Easy. Train a Q-learning agent on the fixed-slip GridWorld (slip=0.0). Evaluate on slip ∈ {0.0, 0.1, 0.3, 0.5}. Plot return vs slip.
Medium. Train a DR Q-learning agent sampling slip ~ Uniform[0, 0.3]. Evaluate the same sweep. How much does DR buy at slip=0.5 (out-of-distribution)?
Hard. Implement a curriculum: start with slip=0.0, widen the DR range every time the policy hits 90% of optimal. Measure total environment steps to reach slip=0.3 zero-shot vs. a fixed DR baseline.

Key Terms

Term	What people say	What it actually means
Reality gap	"Sim-to-real difference"	Distribution shift between training and deployment physics/sensing.

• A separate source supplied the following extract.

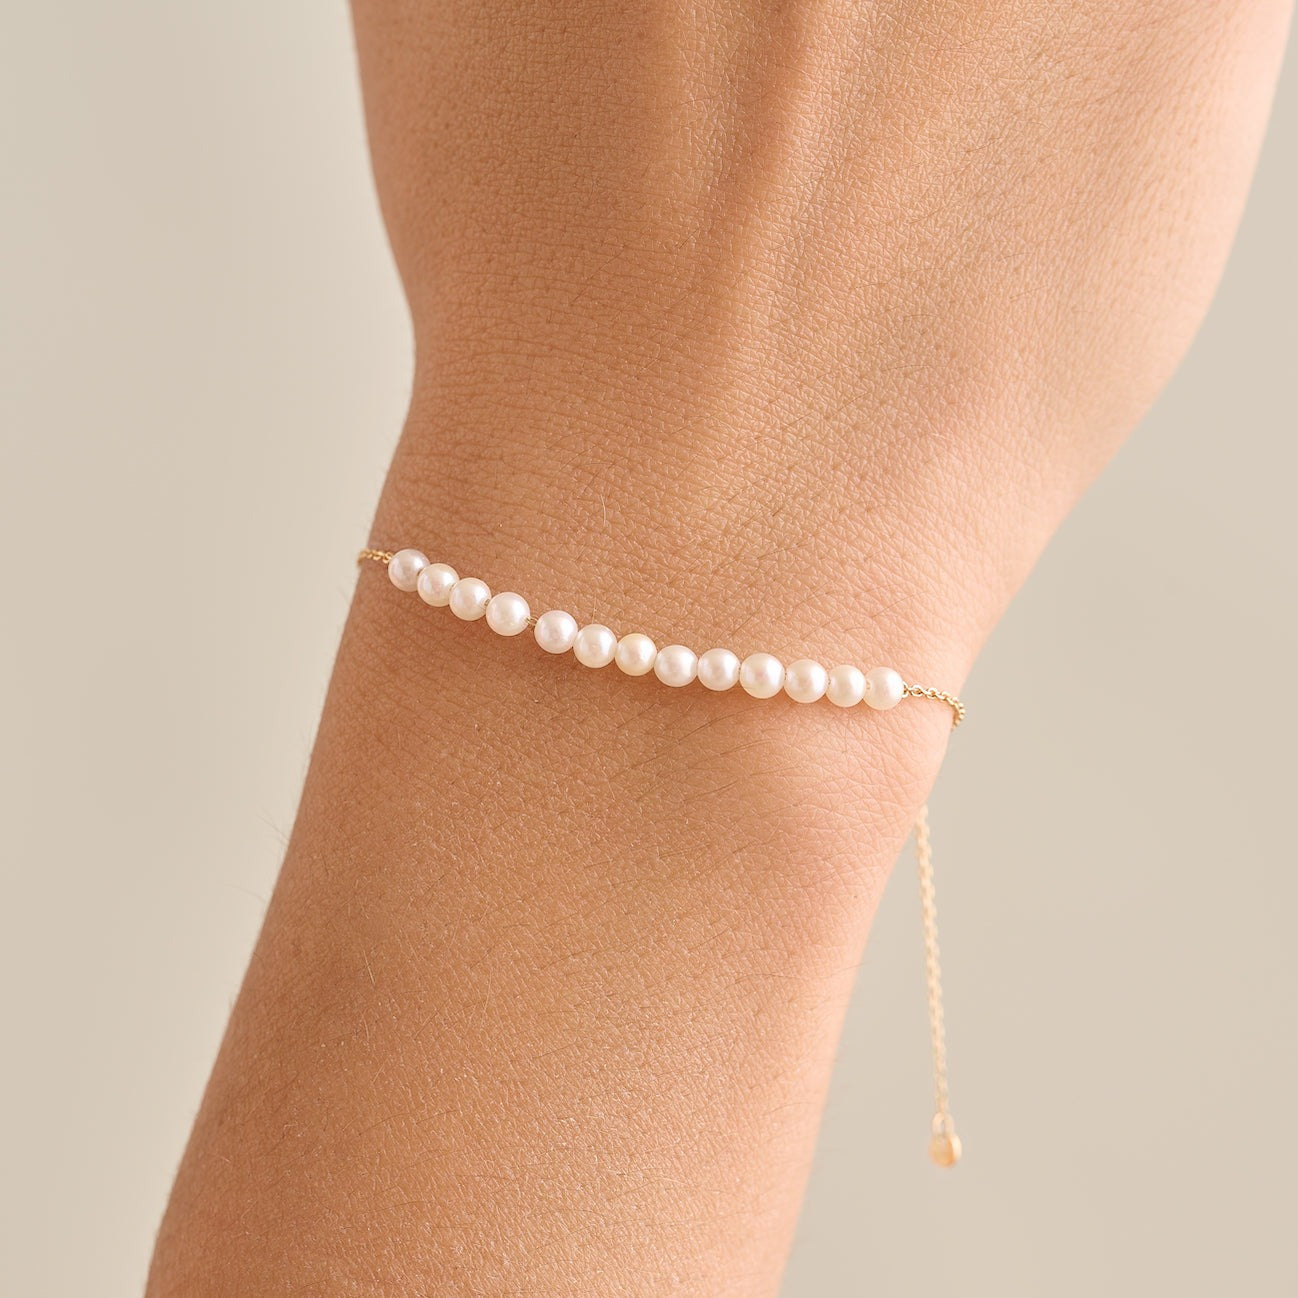 Single pearl gold filled bracelet - NicteShop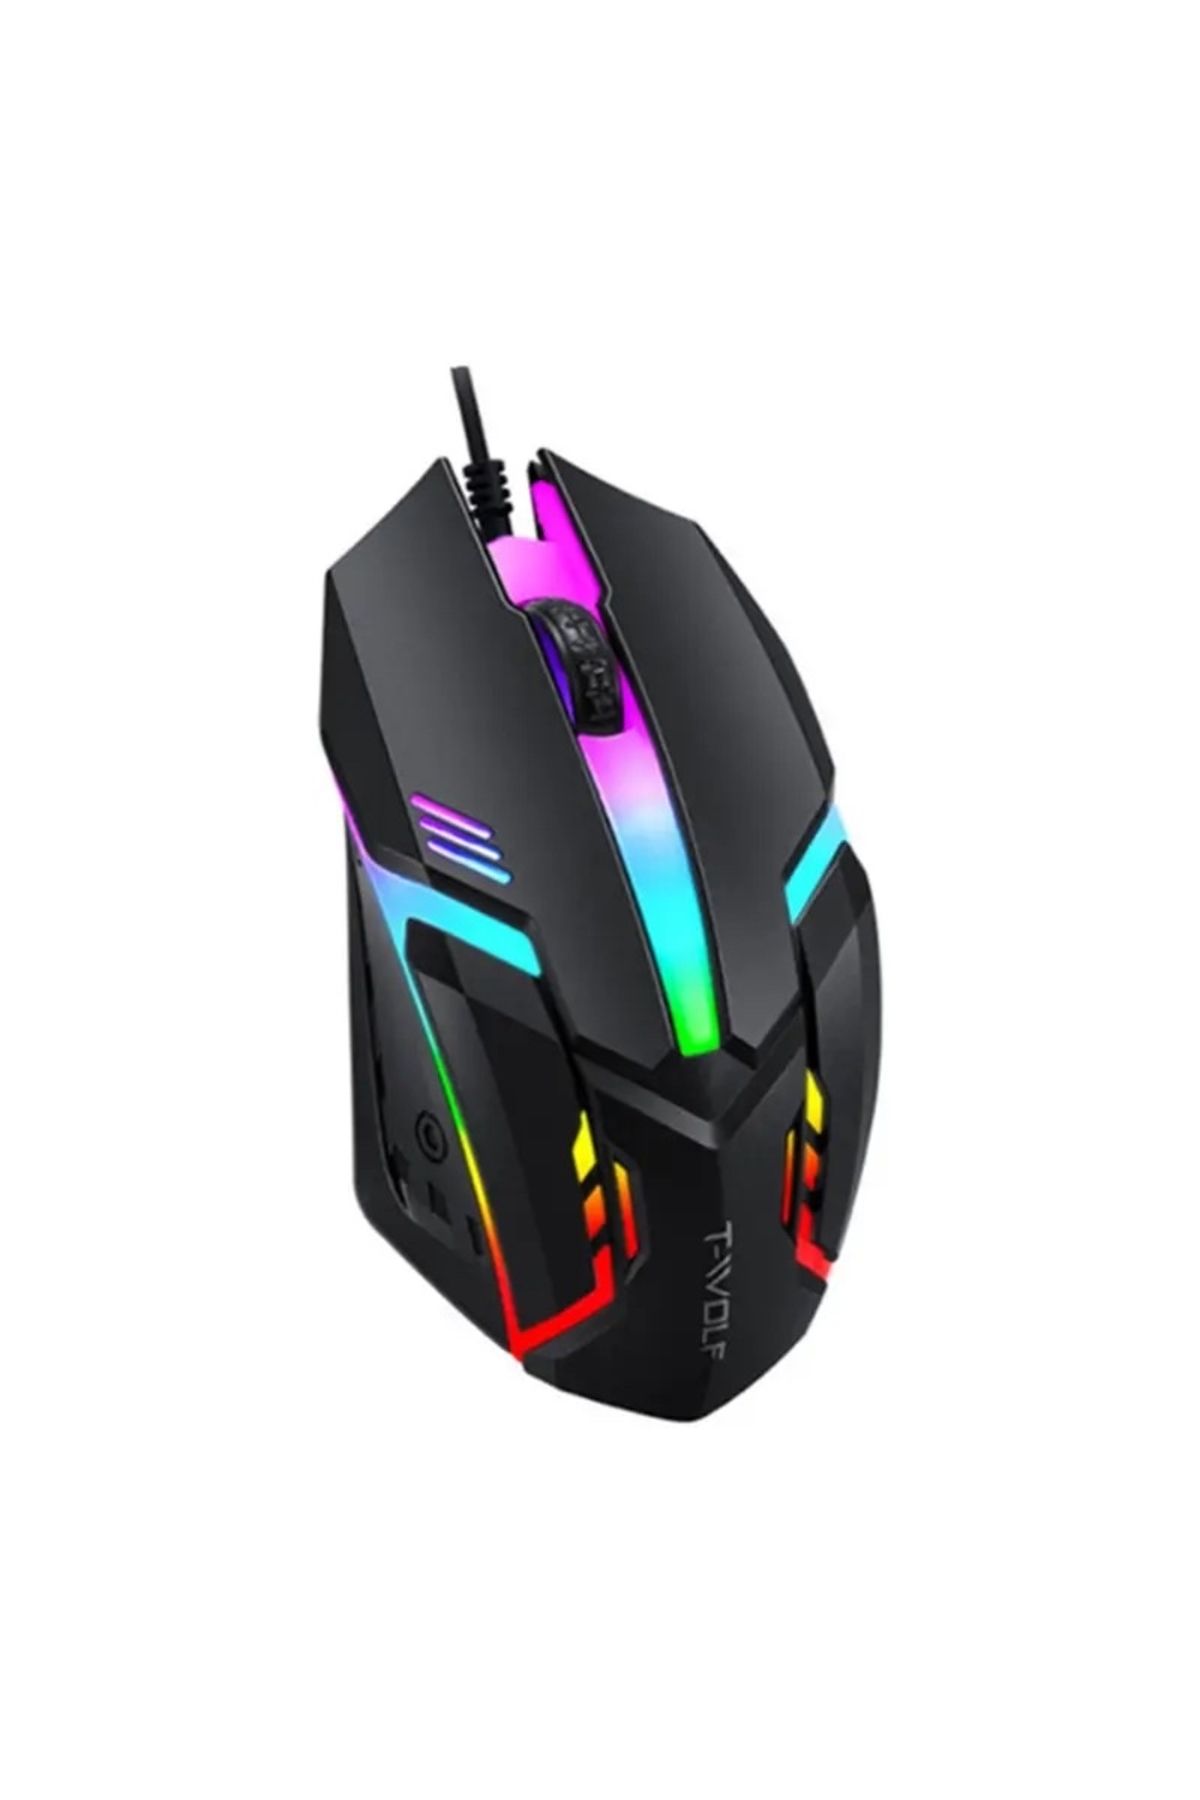 piblue X1 RGB Işıklı Oyuncu Kablolu Gamer Oyuncu Mouse Siyah

Domain randomization (DR)	"Train across random sims"	Randomize sim parameters during training so policy generalizes.
System identification (SI)	"Measure real and fit sim"	Estimate real physical parameters; set sim to match.
Domain adaptation	"Fine-tune on real data"	Small real-world fine-tune after sim training; may adapt obs or dynamics.
Privileged info	"Ground truth for teacher"	Information only the sim has; student must infer it from obs history.
Teacher/student	"Distill privileged -> observable"	Teacher trained with shortcuts; student learns to mimic without them.
ADR	"Automatic Domain Randomization"	Curriculum that widens DR ranges as the policy improves.
Real2Sim	"Close the gap with real data"	Learn a residual to make the sim mimic real rollouts.